Monday 16 January 2012

Little kids are just like teenagers, only smaller

My good friend Laurie Sontag at Manic Motherhood wrote this http://lauriesontag.com/?p=846 brilliant post last week about how teenagers are just like three year olds only bigger. It got me thinking, little kids are just like teenagers, only smaller…

They don’t speak, they grunt

Son number two, who is yet to perfect the art of speech, usually gets his point across with a series of “urr urr urrrrrr”’s and “nnn, nnn nnn’s”, often as a request for food. Son number one, a little older, regularly forgets his manners and morphs into Kevin. “Get me a drink” “Turn the telly over” “Come here now” are favourite demands. But right now, while they are little, I am willing to make the effort. I say the usual “what’s the magic word?” before answering their command. But after years of thankless slavery as a mother and being talked to like a piece of crap, I am waiting for the day when I can grunt back “Piss off and get it yourself. I’m not your slave anymore.”


They are more like you than you think

Fighting a stubborn two year old is hard enough without your mum merrily pointing out that you used to make the exact same face when you refused to put your shoes on. And I know there will come a time when my kids come home with a bizarre haircut that I can’t stand and mum will be at the ready with the picture of me with an elfin crop that I thought was so Demi Moore at the time, but in hindsight made me look like the Star Wars kid from You Tube. But tiny kids are just little mini me’s. Last week BFF was stunned when her son, also two, responded to her presentation of a flannel to wash his face with the much used mummy expression “don’t even think about it”. You can’t really argue with that.

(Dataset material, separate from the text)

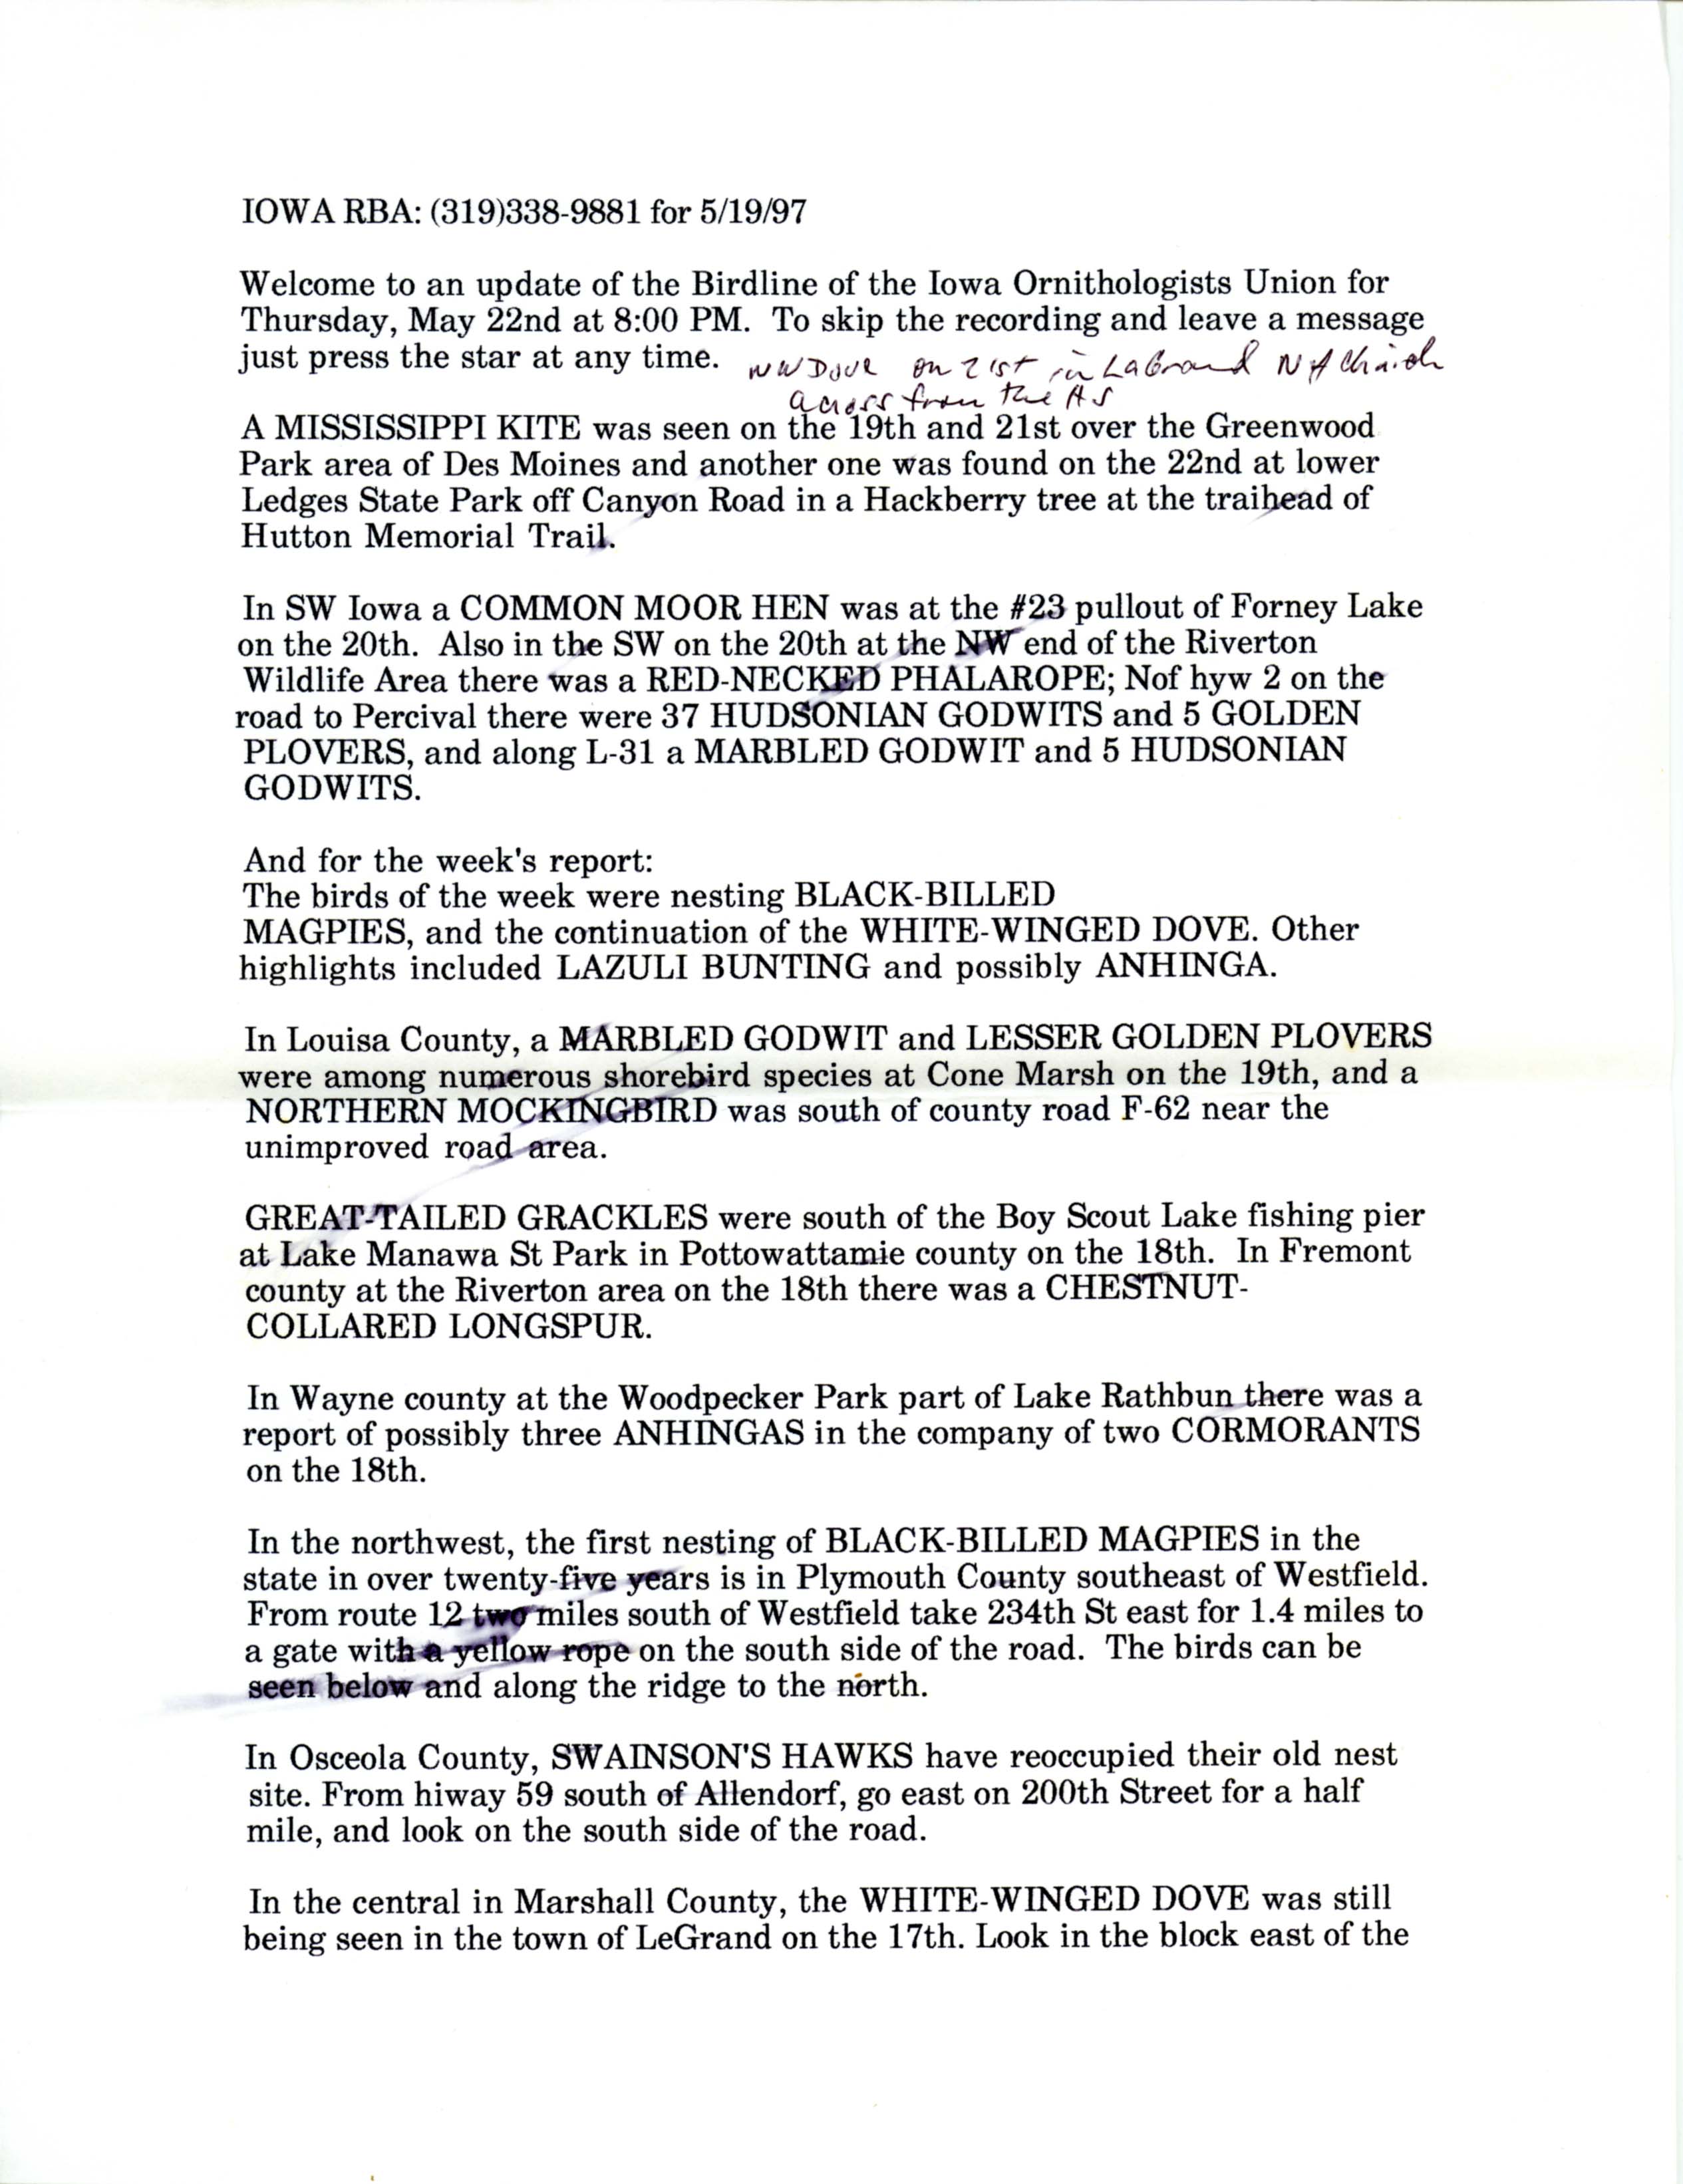 Iowa RBA and update, May 19-22, 1997

They never sleep when you want them to

After a few years of motherhood you soon forget what it actually feels like to go to bed and wake up feeling refreshed and renewed. Little kids often can’t sleep through the night because they’re “scared”; want a drink or need to express more random requests like an overwhelming desire to sleep on the floor rather than in their bed. I relish the thought of the moment they want to sleep all day, and I honestly won’t care whether it’s in their bed or on the floor. Just being able to sleep past 5am is a luxury I am quite excited about. But as one friend recently pointed out, teenagers are no different from little kids except their routine is back to front. They stay up all night, then spend the entire day in bed when you want them to get up and clean their stinking pit of a bedroom. Which brings me to…


They are minging

Little boys are gross. They are gross from the minute they discover they can pick up all manner of hideous things with their curious little fingers, and then drop them when something more interesting comes along, right through to teenagers who wear the same pants day in day out and never clean behind their fingernails. I have given up wishing for a perfectly clean and tidy home, but there are times when I try to regain control. I once found a crusty old cheerio behind a load of books, encased in a deep layer of dust and of indeterminable age, but this didn’t detract son number two from swiping it up and happily munching away on it. There was a smell I couldn’t quite place coming from under the TV cabinet, so, approaching with caution, I investigated. I discovered, along with Mummy Pig and Miss Rabbit, 2 small plastic soldiers and a couple of dice (or die, whatever); a mouldy apple with two bites taken out of it, a vast amount of dust and I kid you not, a chocolate chip cookie stuck to the wall, defying gravity. Learning from the Cheerio incident, I kept son number two well away from the freak cookie and only narrowly saved him from feasting on the mouldy apple. Which brings me to my next point.


They will happily eat crap, but refuse a lovingly prepared healthy and delicious meal

No one wants to have fussy children, so we all work really hard in the early days filling our freezers with millions of tiny frozen cubes of liver casserole, salmon mash and a vast array of vegetable cocktails. But then suddenly your lovingly prepared meals are met with a solemn shake of the head and a bizarre list of rules; nothing can touch on the plate, nothing white, I don’t like potatoes I only like chips, I’ll eat cheese but only on pizza, I will only eat peas on a Wednesday, etc. Similar to teenagers who refuse your meals before rustling up random and disgusting concoctions in the toastie maker, then leave you to clean it up.


So yes, teenagers and little kids are very similar indeed. But at the moment I can always ask for a kiss or a cuddle and get one, and snuggle up on the sofa with them in front of innocent telly programmes, soaking up their adorable cuteness. Can’t see them letting me cuddle up to them when they are trying to watch Cribs and eat their tinned spaghetti and banana toasties.